マイコトキシンとは、カビが自分の生存を守るために作り出す“化学兵器”のようなものです。カビ自身にとっては防御物質、しかし哺乳類にとっては毒。ゼアラレノン(ZEN)はエストロゲン様の構造をもち、ホルモンバランスを狂わせます。デオキシニバレノール(DON)は蛋白合成を阻害し、採食低下と免疫抑制を引き起こします。嘔吐の原因にもなります。まるで、ホルモン、代謝、臓器――それぞれの“急所”を狙うスナイパーのようです。カビはただ生きようとしているだけなのに、その結果がヒト様や家畜の健康を蝕む。

しかも、現実の現場では、ひとつのカビ毒が単独で存在していることは稀。ZEN+DON、DON+フモニシン、ZEN+アフラトキシンなどなど、カビ毒たちはなぜか“仲良し”。複数のカビ毒が同時に作用することで、毒性は何倍にも強まります。この“共犯関係”、意外と見落としがちです。「飼料中の数値は基準値以下だったのに、牛が調子を崩す」――そんな時は、静かに微笑む“共犯者”が潜んでいるのです。

カビ毒の怖さは、「目に見えない」という点にあります。牛さんは喋れません。「ちょっと体が重い」「食欲が出ない」とも言えません。もちろん、「カビの生えたエサはイヤです~」なんて言ってくれたら助かりますが、そうはいきません。血液検査や体重の増減だけでは原因を特定するのが難しい。だからこそ、“見えないストレス”を定量化する技術――それが「尿中マイコトキシン検査」の最大の意義なんです。尿中のZENやDONを測ることで、「体が実際に受けているダメージ」を可視化できます。犯人はいつも、しっかりと尿の中に証拠を残しているんですよね。

これまでの畜産現場では、カビ毒をなにか特別なイベントとして起こる「事故」や「汚染」として扱うことが多かったと思います。しかし、気候変動や流通の多様化によって、カビ毒は“常在リスク”となりつつあります。つまり、「カビ毒は普通にあるもの」「それをどう管理していくかが問われる時代」に変わってきているのです。

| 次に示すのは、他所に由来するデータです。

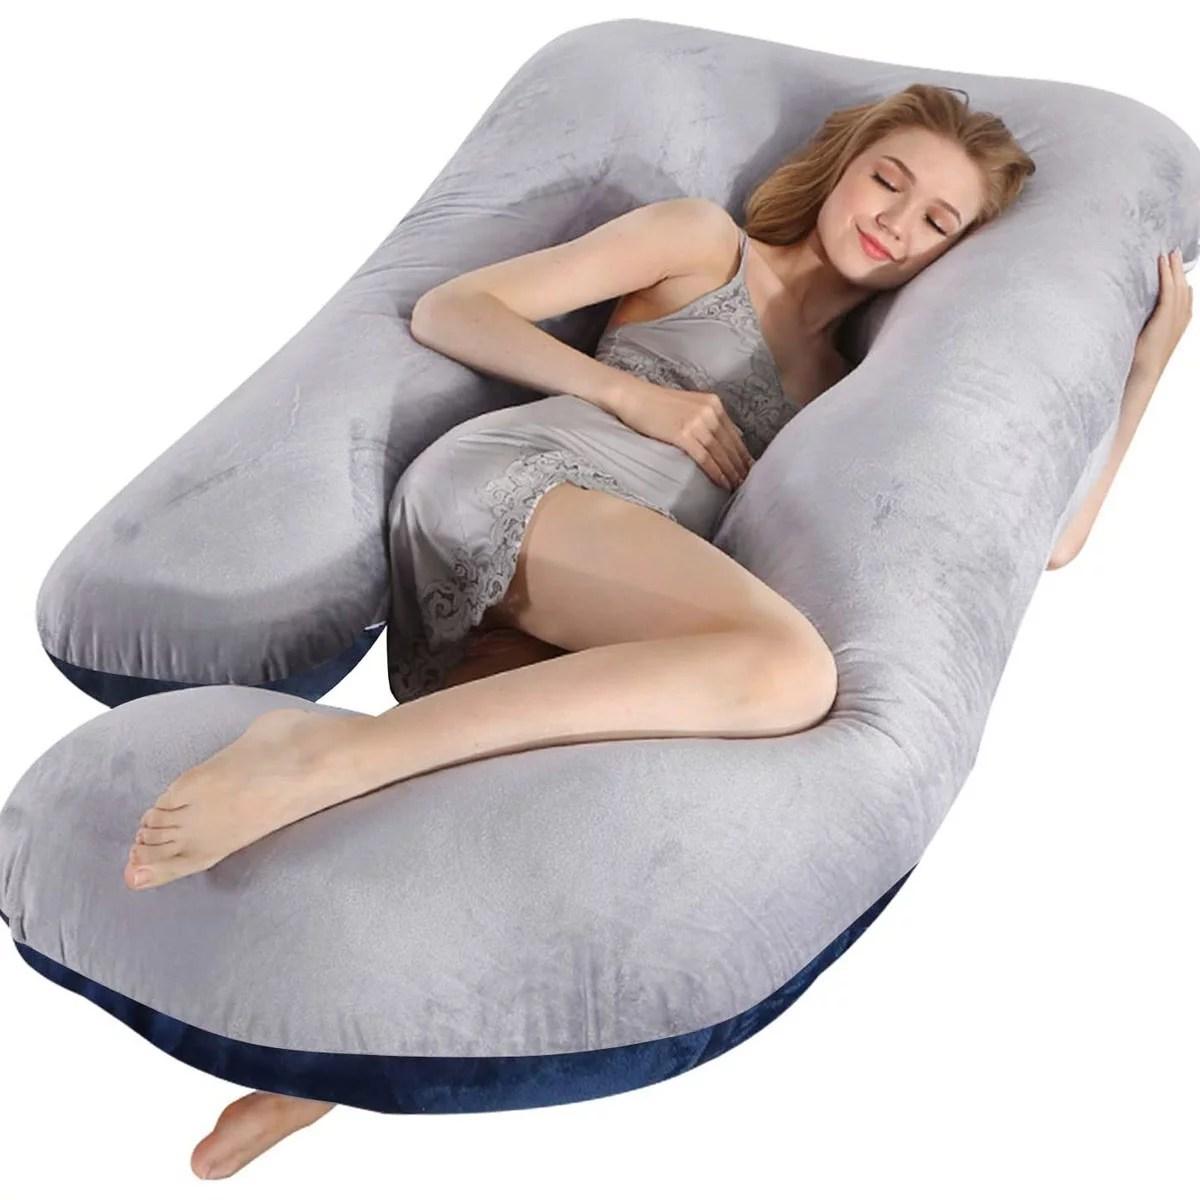 large pregnancy pillow with velvet cover j shaped body pillow full body maternity pillow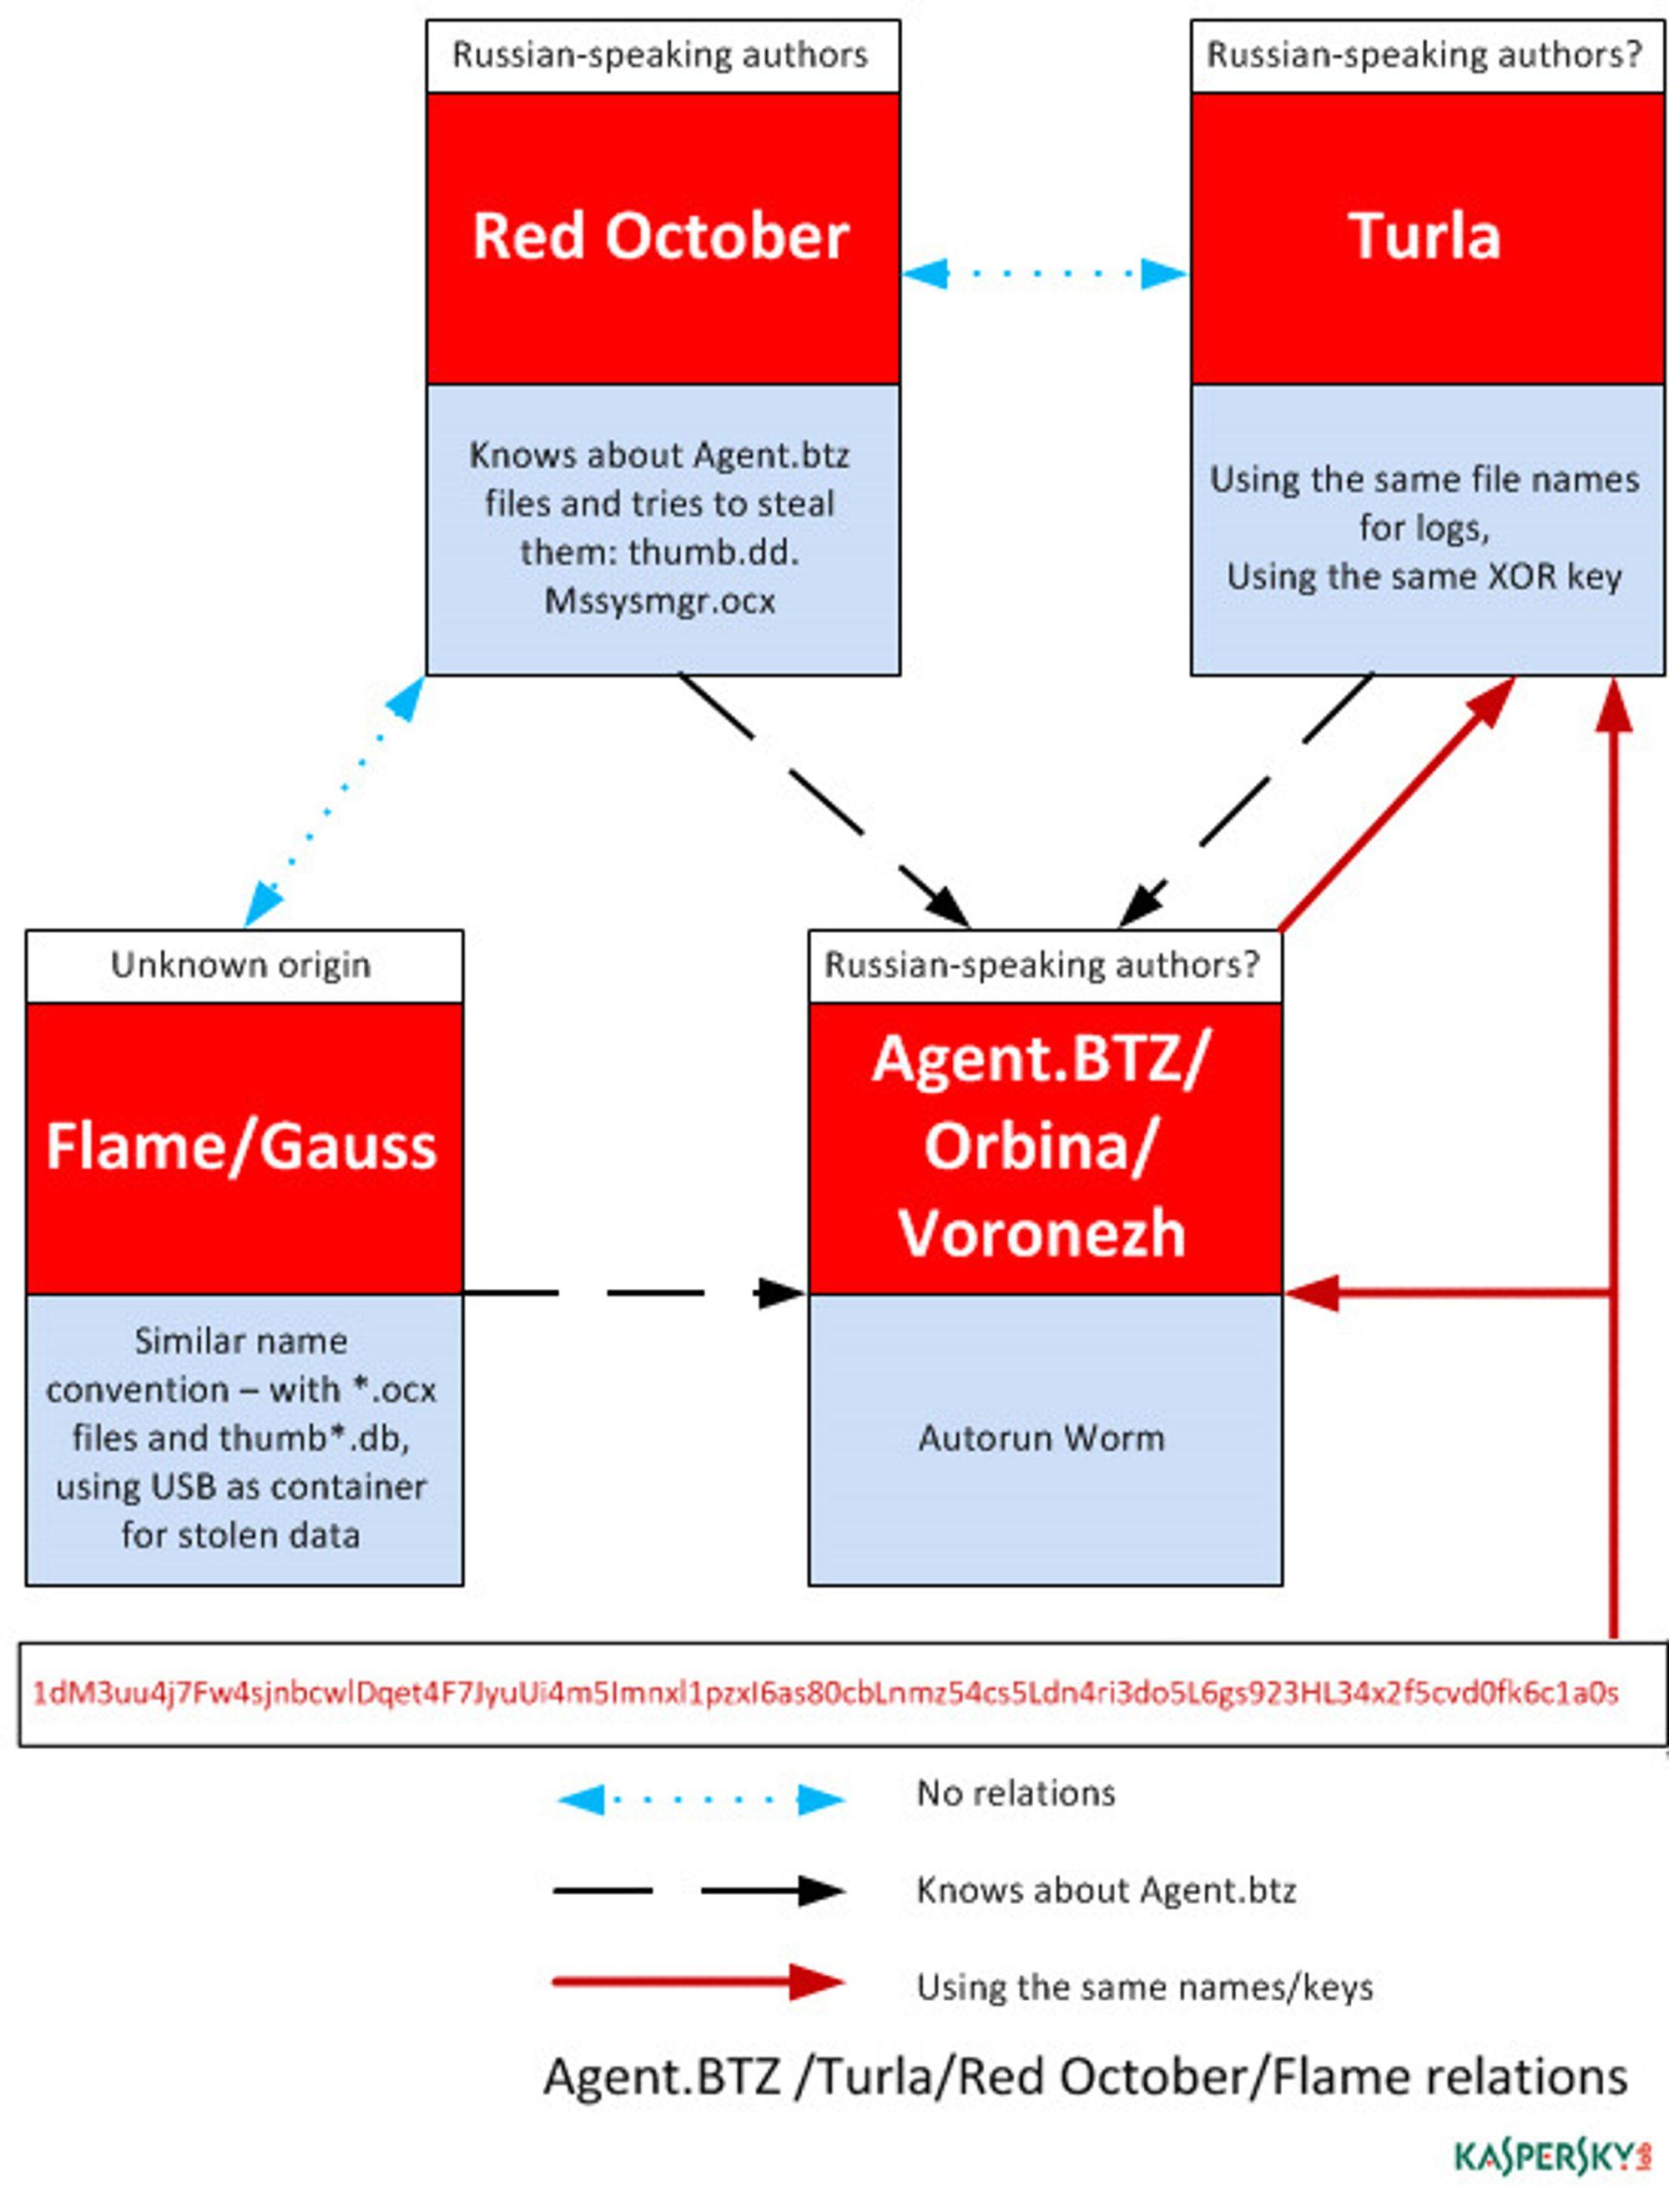 Agent.btz spiller en rolle for kyberspioner i både øst og vest.

カビ毒管理は、“ゼロにする”発想ではなく、“コントロールする”発想が必要です。完全排除を目指すより、現場でリアルに対応していく。季節・飼料ロット・給与形態・牛のステージによって動的に変化します。これを見える化し、科学的に把握することが、今後の家畜衛生のカギになると思っています。
結局のところ、カビ毒との戦いに“終わり”はありません。けれど、その戦いを通じて、私たちは牛さんの体をより深く理解し、よりやさしくなれるのかもしれません。牛さんにはできる限り、カビなど生えていないちゃんとした餌を食べさせてあげたいですよね。科学と愛情の2つを両輪に、これからも“見えない敵”と向き合っていきましょう。